Don't Count on It! No Sleep for the Sheep by Karen Beaumont

BERJAYA

In the big red barn on the farm, on the farm, in the big red barn on the farm... A sheep fell asleep in the big red barn, in the big red barn on the farm.


Sheep is ready to sleep, teddy bear under his arm, and he is not counting on helping anyone else get to sleep tonight. Settled down in the fresh hay in a comfy stall, with only by a tiny yellow chick for a roommate, sheep is already snoring away soundly when he is disturbed by a dissonant sound that blasts him out of his somnolent state:

Then there came a loud QUACK at the door, at the door, and the sheep couldn't sleep any more.

Disgruntled, the sheep staggers sleepily to the door and escorts the duck to the stall with whispered instructions:

"Go to sleep" said the sheep, to the duck at the door. "And please don't QUACK any more!"

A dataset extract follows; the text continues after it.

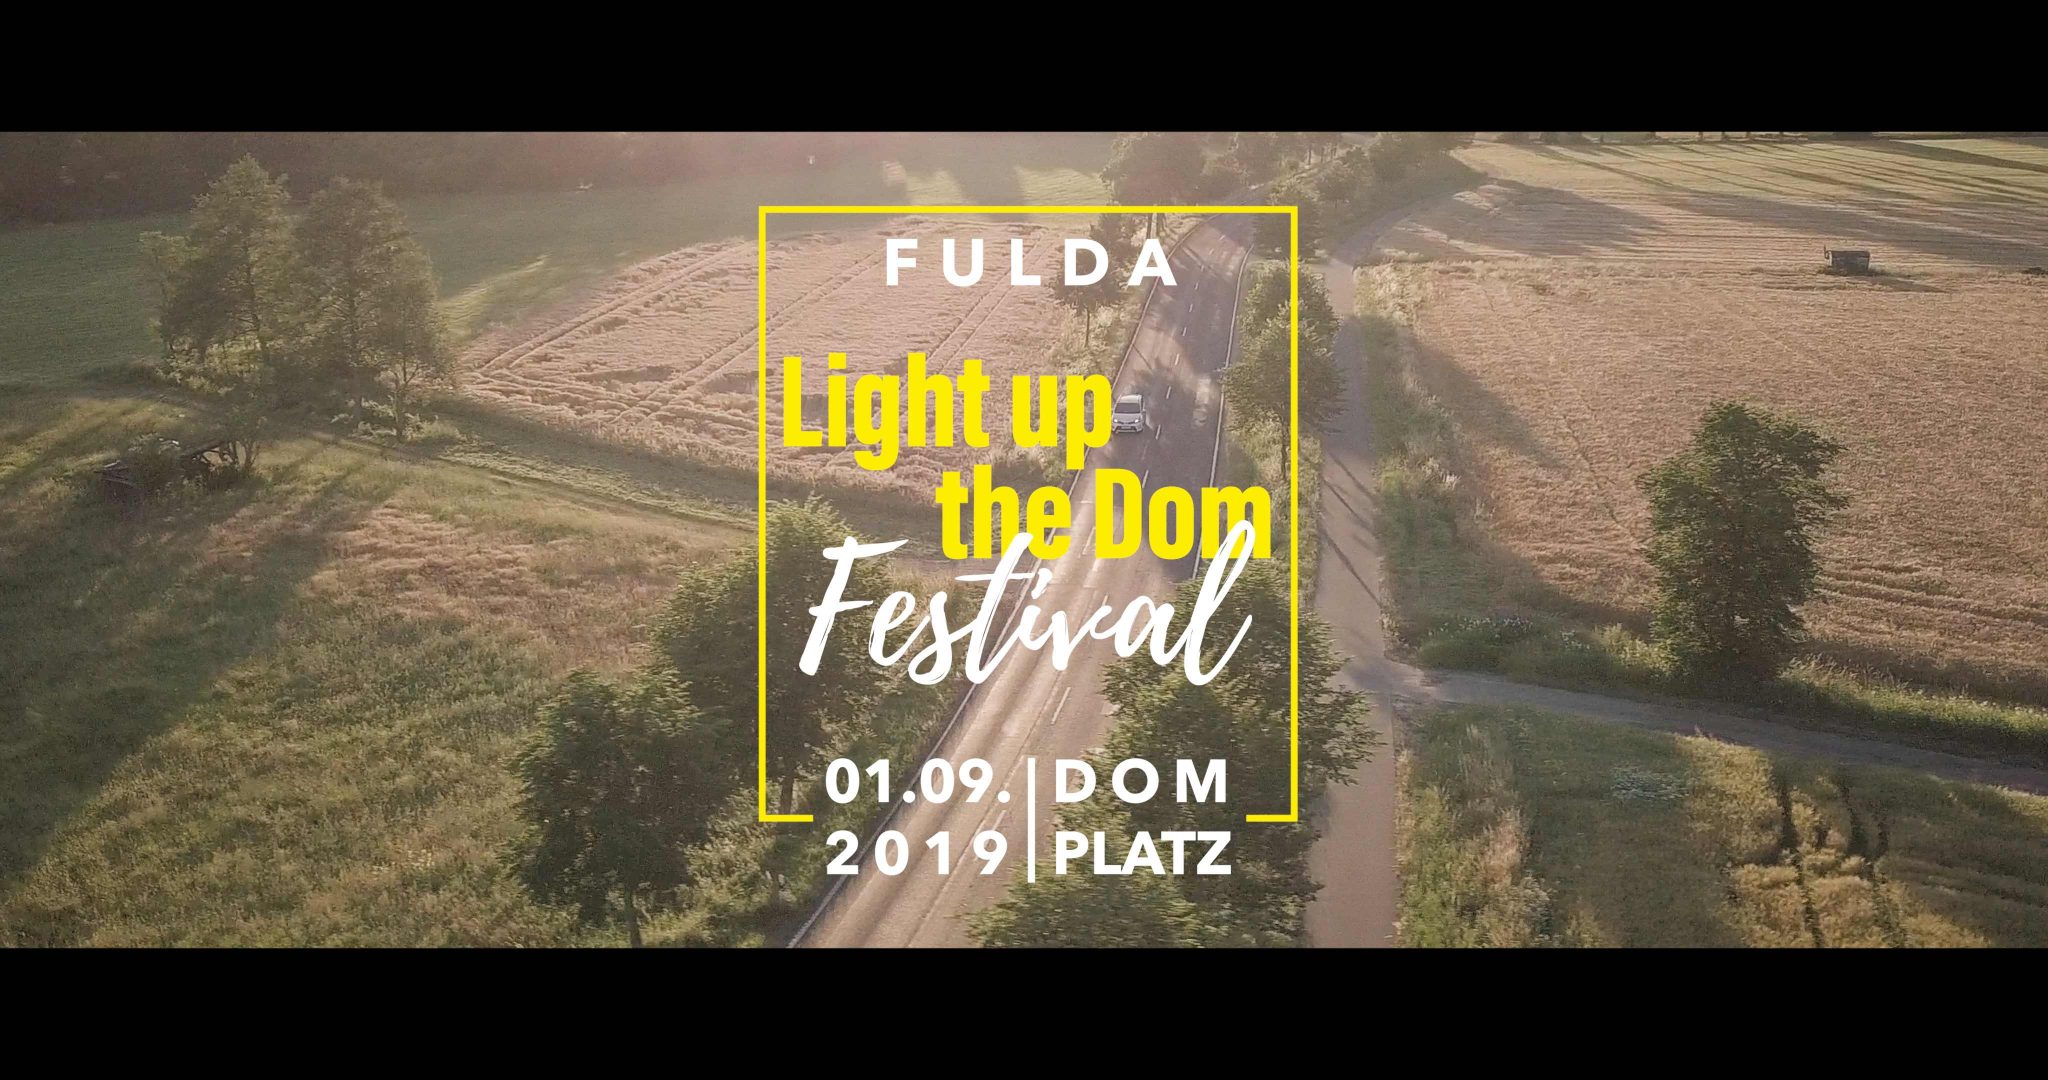 Light up the Dome Festival – Opening Video

Even the teddy bear looks grumpy as the disheveled sheep, the duck, and the chick resettle themselves in the stall for what sheep obviously hopes will at last be undisturbed slumber. But in the best tradition of the venerable cumulative tale, this dream is not to be. Sheep is constantly roused from his snores by a succession of supposedly sleepless animals--a goat, pig, a cow, and as horse--who Baa!, Oink!, Moo!, and Neigh! their way in to seek a snooze with Sheep in the increasingly snugger stall, with Chick constantly forced to clamber atop the pile to avoid being squashed. With the huge horse hogging half the sleeping space, there is definitely no room in the stable!

"Shhhh! Not a peep! Go to sleep!" said the sheep.

But there's ONE more farm animal who hasn't yet gotten the message, whose identity is hinted at by the light of dawn glimpsed through the window as the heap of animals finally drifts off to sleep together:
"COCK-A-DOODLE-DOOO!"

In Karen Beaumont's forthcoming No Sleep for the Sheep!BERJAYA (Houghton Mifflin Harcourt, 2011), sheep attempts to sleep in but chick gets the last word, (a PEEP!), in a inventive reworking of the traditional always-room-for-one-more premise. As always, Beaumont's verses are so rhythmical that young listeners will start joining in on the irresistible repetition as sheep issues his orders to each animal in turn.

BERJAYABut Beaumont's text virtually takes off when paired with Jackie Urbanovic's comic brown pencil and watercolor illustrations, which add immeasurably to the effect. Even the teddy, eyes always shut, has a role. and sheep's facial expressions are priceless as he is blasted from his slumbers by the pig and hugely hugged by the horse. Kids will gleefully pick up on the clever visual device by which Urbanovic telegraphs the identity of each approaching midnight visitor to the barn, even as each time sheep settles down to what he believes will finally be a good night's sleep. Both Beaumont (I Like Myself!,BERJAYA and I Ain't Gonna Paint No More! (Ala Notable Children's Books. Younger Readers (Awards)))BERJAYA and Jackie Urbanovic (Duck at the DoorBERJAYA and sequels) are no strangers to best-sellerdom, and their No Sleep for the Sheep!BERJAYA looks like it's got all the right stuff to keep its readers wide awake and calling for more from this delightful duo!